Ela é a irmã mais nova de Françoise Dorléac (1942-67). Estava assistindo um programa de TV sobre Buñuel com um amigo, quando apresentou um clipe de Buñuel dirigindo uma cena para La Belle de Jour [A Bela da Tarde] (67). Era uma cena de praia, na qual Catherine Deneauve está amarrada a um poste, com um longo vestido branco que deixa os braços nus. Buñuel supervisionava o modo como a lama seria jogada em Deneuve e, enquanto uma imundície semelhante a estrume salpicava sobre ela, ambos riam juntos. "Como uma mulher pode fazer este tipo de coisa para viver?" indagou meu amigo. Ao que eu repliquei: "Exatamente do mesmo modo que uma burguesa, em sua casa de bom gosto, pode sonhar em ser uma meretriz."

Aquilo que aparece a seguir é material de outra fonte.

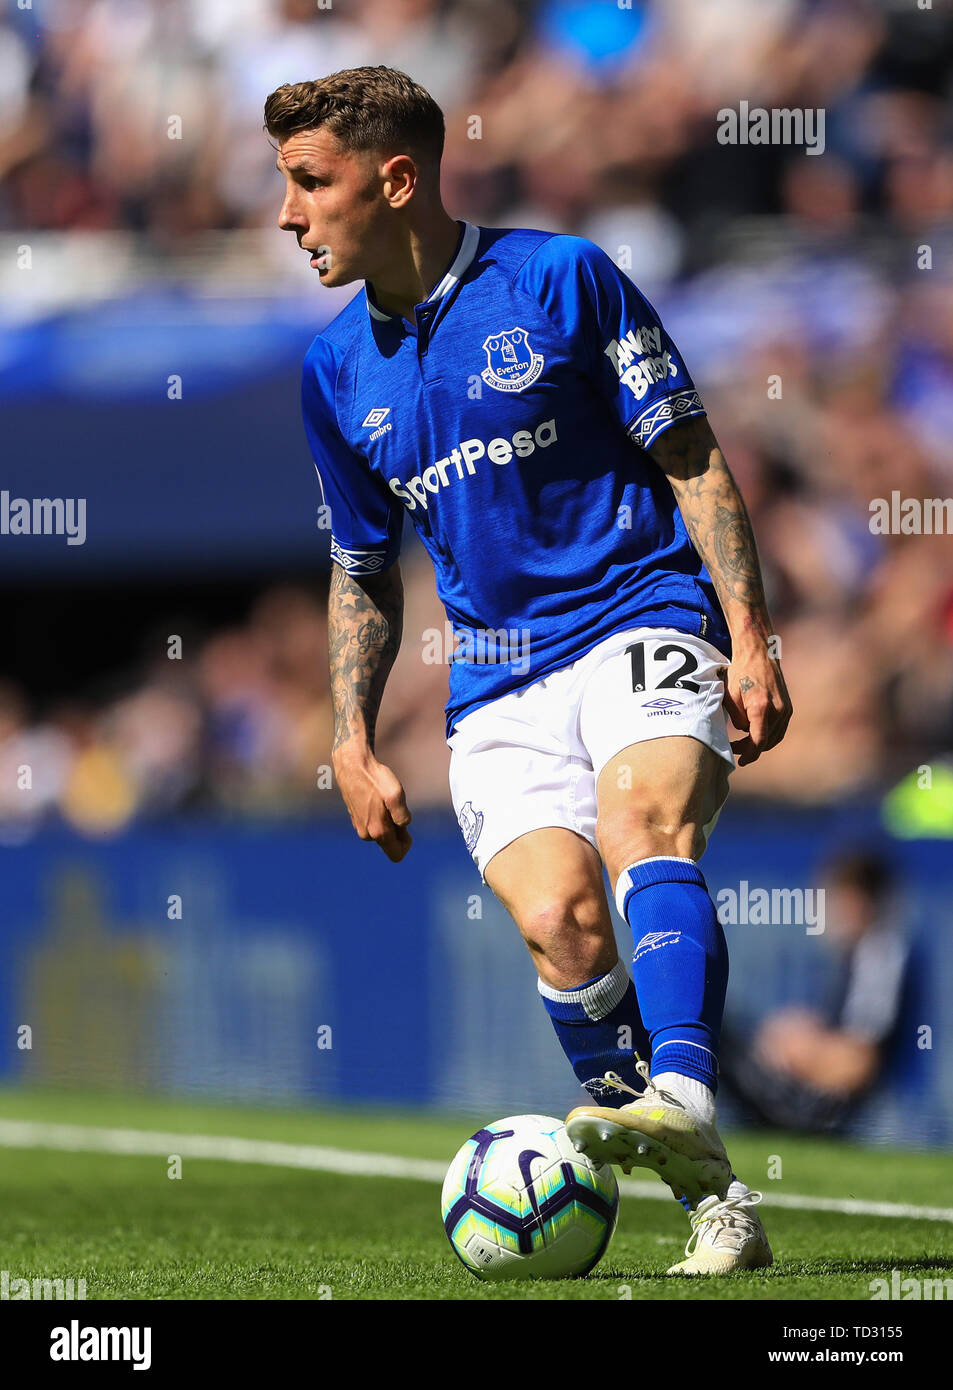 Lucas Digne of Everton - Tottenham Hotspur v Everton, Premier League, Tottenham Hotspur Stadium, London - 12th May 2019  Editorial Use Only - DataCo restrictions apply Stock Photo

Atuação e cinema liberam fantasias e Deneauve é uma atriz fantástica, sua beleza um receptáculo para qualquer imaginação, talvez a melhor loira impassível, sugerindo insinuações de depravação. Em sua melhor obra, merece um local entre as mulheres mais encantadoras do cinema, infantil, reservada, uma noviça a caminho do bordel. Naturalmente, Buñuel é o mestre do desvelamento da potência imaginativa dos pratos da moda burguesa; o fotógrafo David Bailey pode ter casado com Deneuave, mas foi Buñuel que a revelou. Daí, a sensualidade visual de A Bela da Tarde e Tristana estar impregnada da loira. E foi Buñuel, nos dois filmes, que mostrou que Deneauve era uma das poucas atrizes que podia ser transformada por um toque ou um pensamento. Em A Bela da Tarde ela se move, em questão de segundos, de virgem ameaçada para voluptuosa. E, em Tristana, é o auge de sua arte da ingenuidade, de rabo de cavalo e boina, e a mulher de vermelho na sacada, que condescede a se exibir para o garoto. 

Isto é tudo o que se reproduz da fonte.